Intellectual Property
The patent for the metal and metal alloy nanoparticles production method was allowed and includes seventy-three broad claims on the manufacturing process. Additional patent applications have been filed covering composition of nano alloys, unique dispersions, several commercial devices (battery, fuel cell, solar and hydrogen generation), and other clean-energy applications enabled by the use of nanomaterials.
Competing Technologies
Nanoscale materials were first created in the 1970's using the gas phase condensation method. Today, there are dozens of processes for producing nano materials worldwide. These processes include chemical vapor deposition, physical vapor deposition, reactive sputtering, laser pyrolysis, plasma gun spray conversion, mechanical alloying, grinding and sol gel. Most of these processes are relatively expensive and require sophisticated and complex equipment and labor intensive maintenance.
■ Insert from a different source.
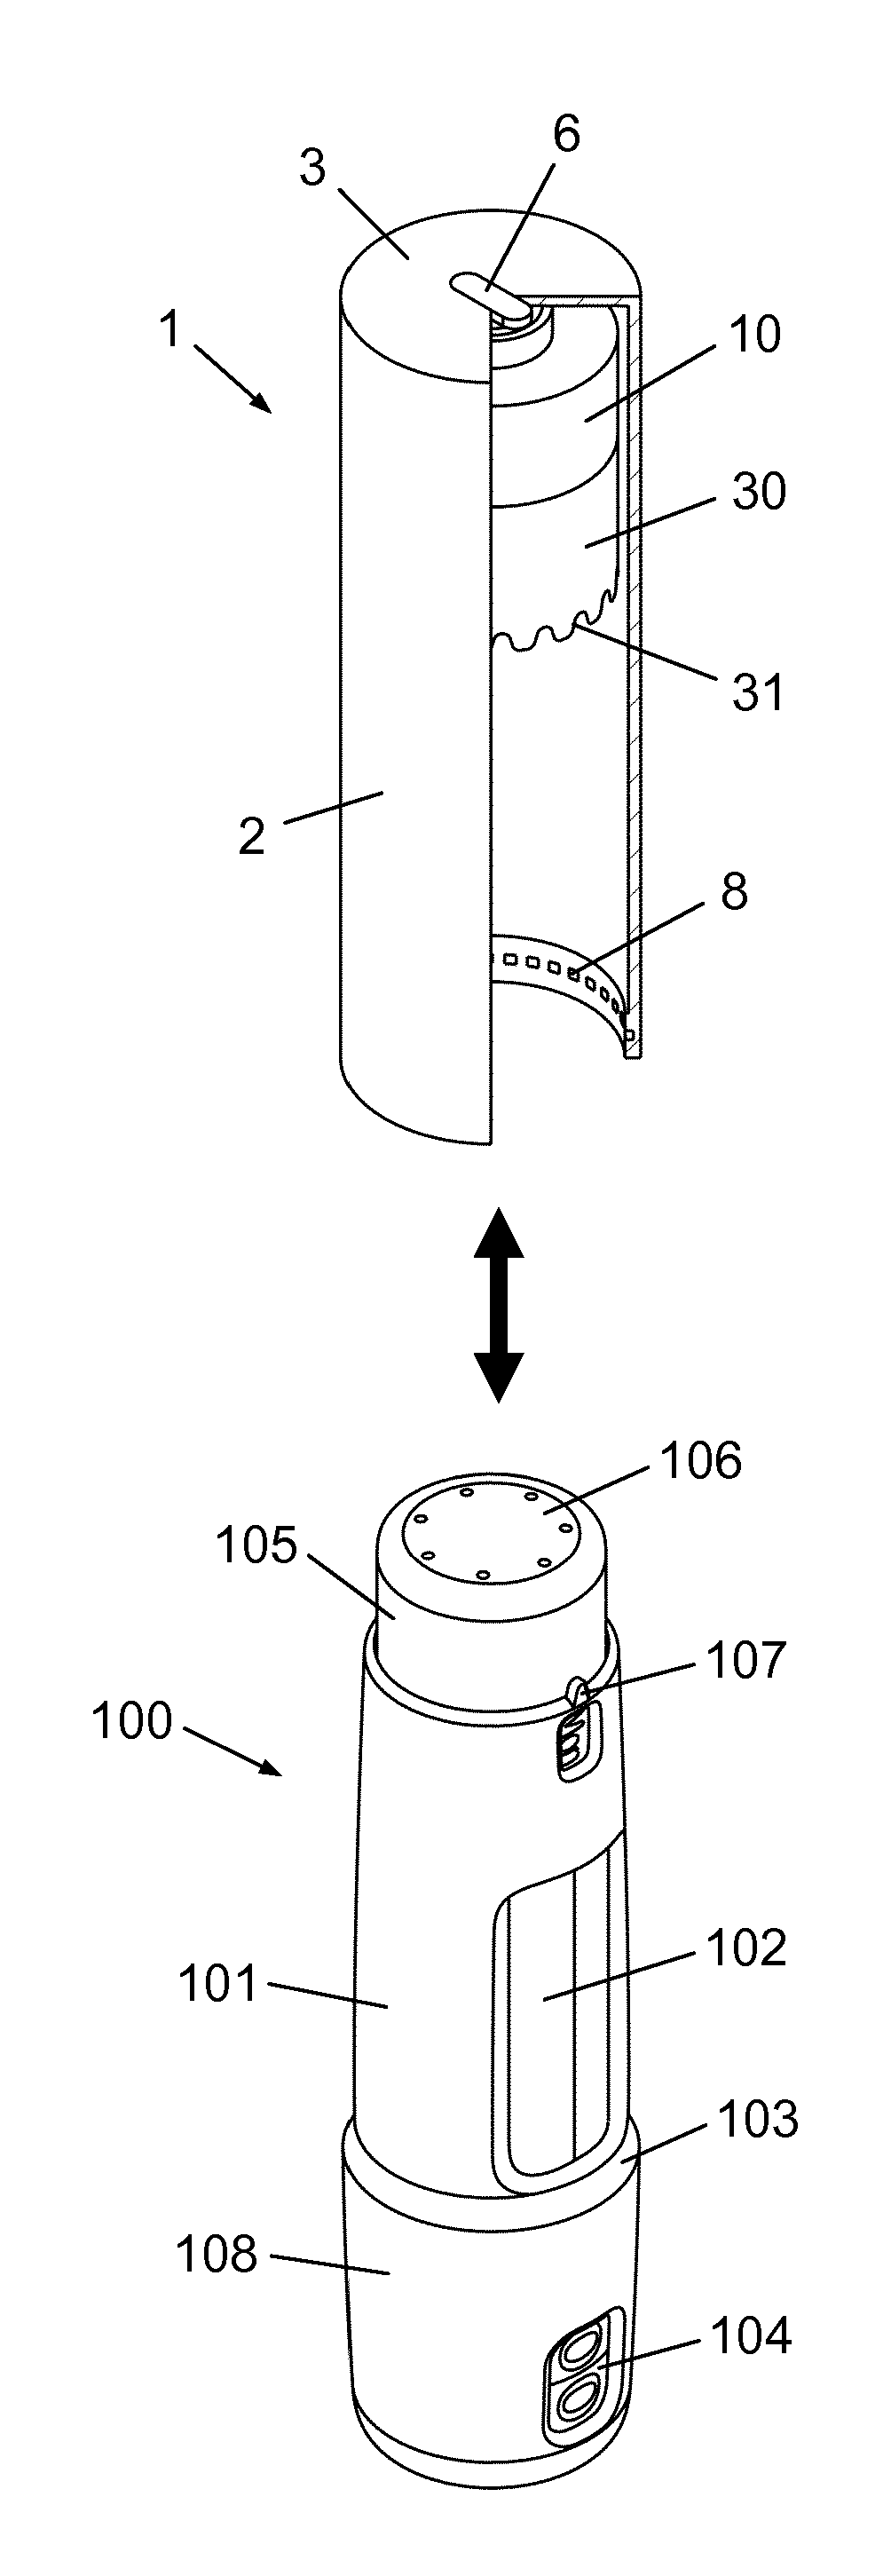 State changing appliance for a drug delivery device
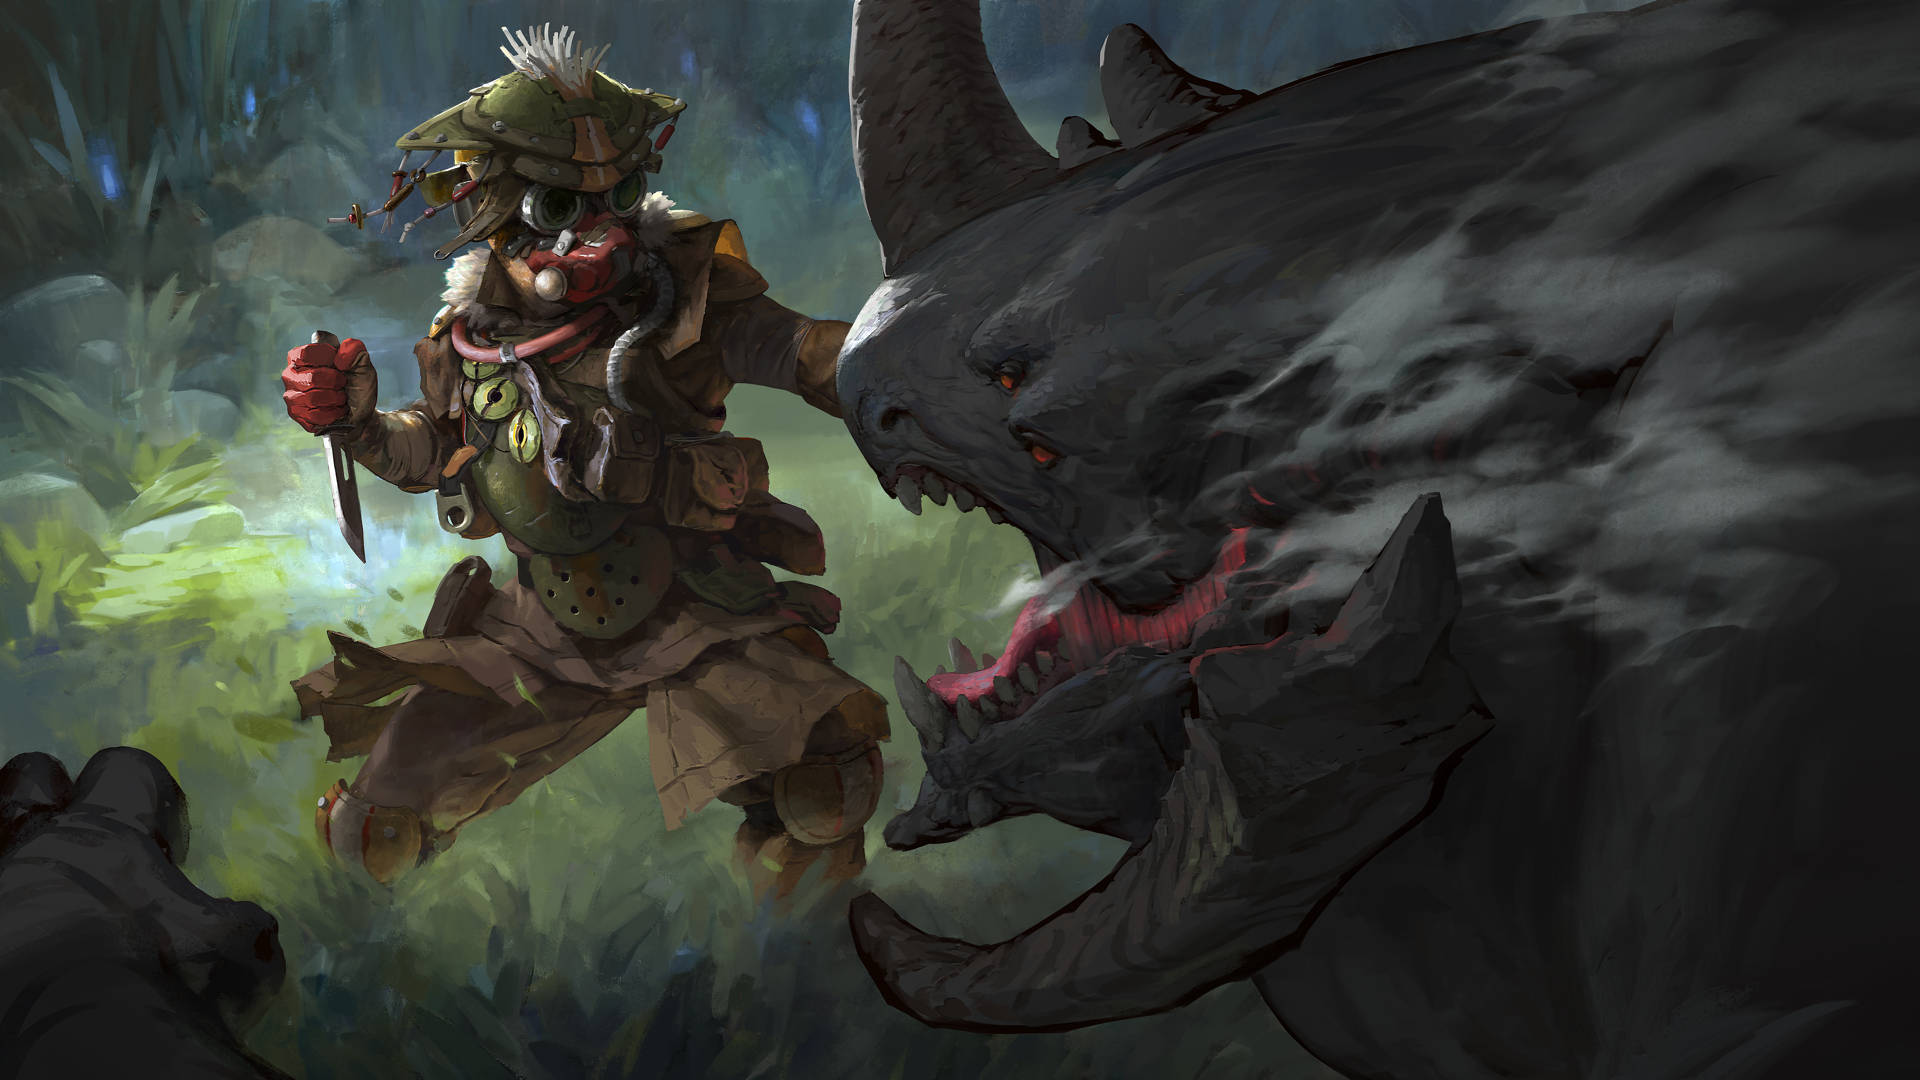 "Witness the ferocity and cunning of Apex Legends' Bloodhound in action". Wallpaper

In addition, these methods result in products with inconsistent particle size, distribution, shape and impurities with little ability to scale up to commercial quantities at reasonable prices.
The company's Process
The patented process is fully automated, operates 24/7, requires no supervision and little down time for reactor maintenance. Unlike competitive processes, the company have literally removed the potential for human error and expensive labor from the manufacturing equation.
The increased production rates and lower labor and conversion costs have enabled commercial application of these advanced materials by large manufacturers of consumer and industrial products.
APPLICATIONS
Electrodes
Enhanced Performance Characteristics:
Increased Surface Area
Increased Activity
Uses:
Zn/air Battery
Li-ion Battery
Hydrogen Fuel Cell & Reformate Fuel Cell (PEMFC & RFC)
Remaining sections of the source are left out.